You wouldn't want to ruin that prettiness by making a non-pretty feature too
tempting, would you? ;) Of course, you still have regexps when you need them,
so what does it cost you?

And so on. I don't think your ideas are the worst things I've ever heard or
anything, but I have to say that you might be better served in trying to figure
out why it is the way it is, rather than thinking "I don't like this, what can
I do to change it?"...and if you can't figure it out for yourself, you can
always ask here. :)

- Kef
 
A

Alex Martelli

Georgy said:
| Georgy Pruss wrote:
| ...
| > I would like to propose some extentions to the language, probably
| > for the version 3.0. They are mainly lexical or syntactical and the
| > language will stay compatible with 2.X (even although it was
|
| Not at all -- these changes would break the vast majority of
| significant, well-coded existing Python programs, for example by
| removing the 'else' clause on 'try' for no other reason that it "sounds
| very unnatural" to you. (I'm not sure how extensive your Python
| experience is, but this remark suggests "not very").

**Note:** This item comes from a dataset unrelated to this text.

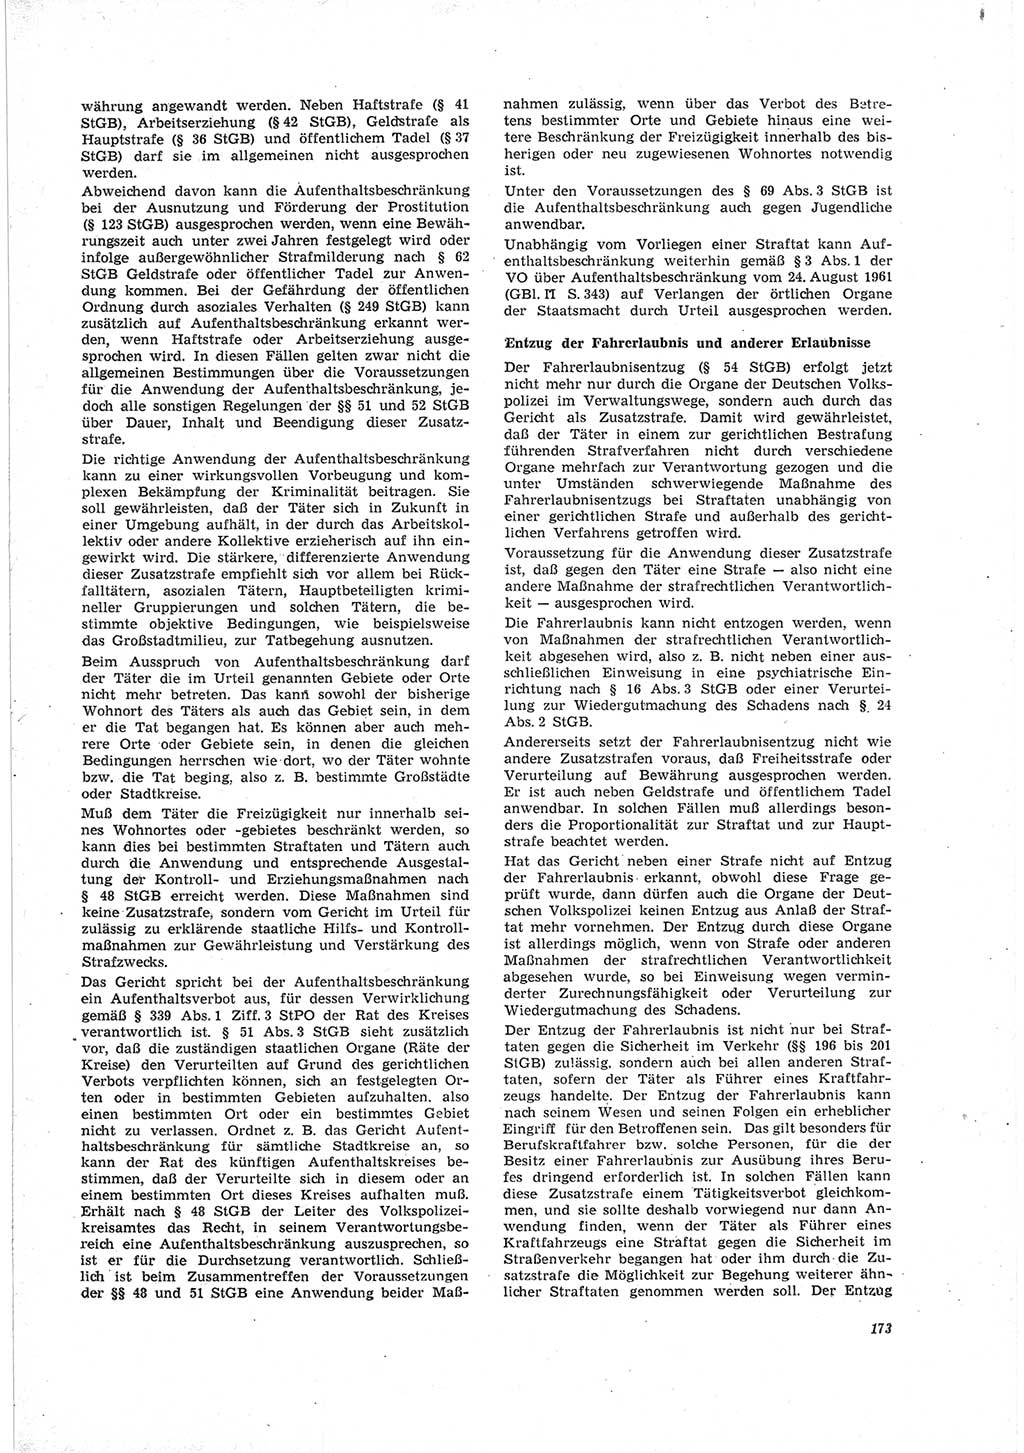 Neue Justiz (NJ), Zeitschrift für Recht und Rechtswissenschaft [Deutsche Demokratische Republik (DDR)], 23. Jahrgang 1969, Seite 173 (NJ DDR 1969, S. 173)

That particular item, 'else' for 'try' and 'for' has the lowest priority
for me, if I dare to say so. Of course I understand that it would break
many many existing programs.

It's not just that: it would break *well-coded* programs, programs that
are coded using the _BEST, MOST APPROPRIATE_ constructs, and not give any
really good alternative way to recode them. It's not so much the 'else'
on _for_ -- removing _that_ would break a zillion good programs, but the
alternatives are almost decent, at least in most cases. But the 'else' on
_try_?!?! How would you code around _THAT_ lack?

One sign that somebody has moved from "Python newbie" to "good Python
programmer" is exactly the moment they realize why it's wrong to code:

try:
x = could_raise_an_exception(23)
process(x)
except Exception, err:
deal_with_exception(err)
proceed_here()

and why the one obvious way is, instead:

try:
x = could_raise_an_exception(23)
except Exception, err:
deal_with_exception(err)
else:
process(x)
proceed_here()

What WOULD sound natural to you in order to express the crucial pattern:
1. first, try doing "this and that"
2. if "this and that" raises such an exception, do something
3. else (i.e. if it doesn't raise exceptions) do s/thing else instead
4. and then in either case proceed from here
....???

Trying to kludge it around with "status-flag" variables isn't very
satisfactory, of course -- it can only complicate things and add
error-prone needs for setting and resetting "status flags". To me,
removing 'else' from 'try' and proposing to use status-flags instead
is about as sensible as making the same proposal regarding 'if' --
i.e., not very.
My main suggestions were the first ones,
dealing mainly with the lexer and the parser of Python.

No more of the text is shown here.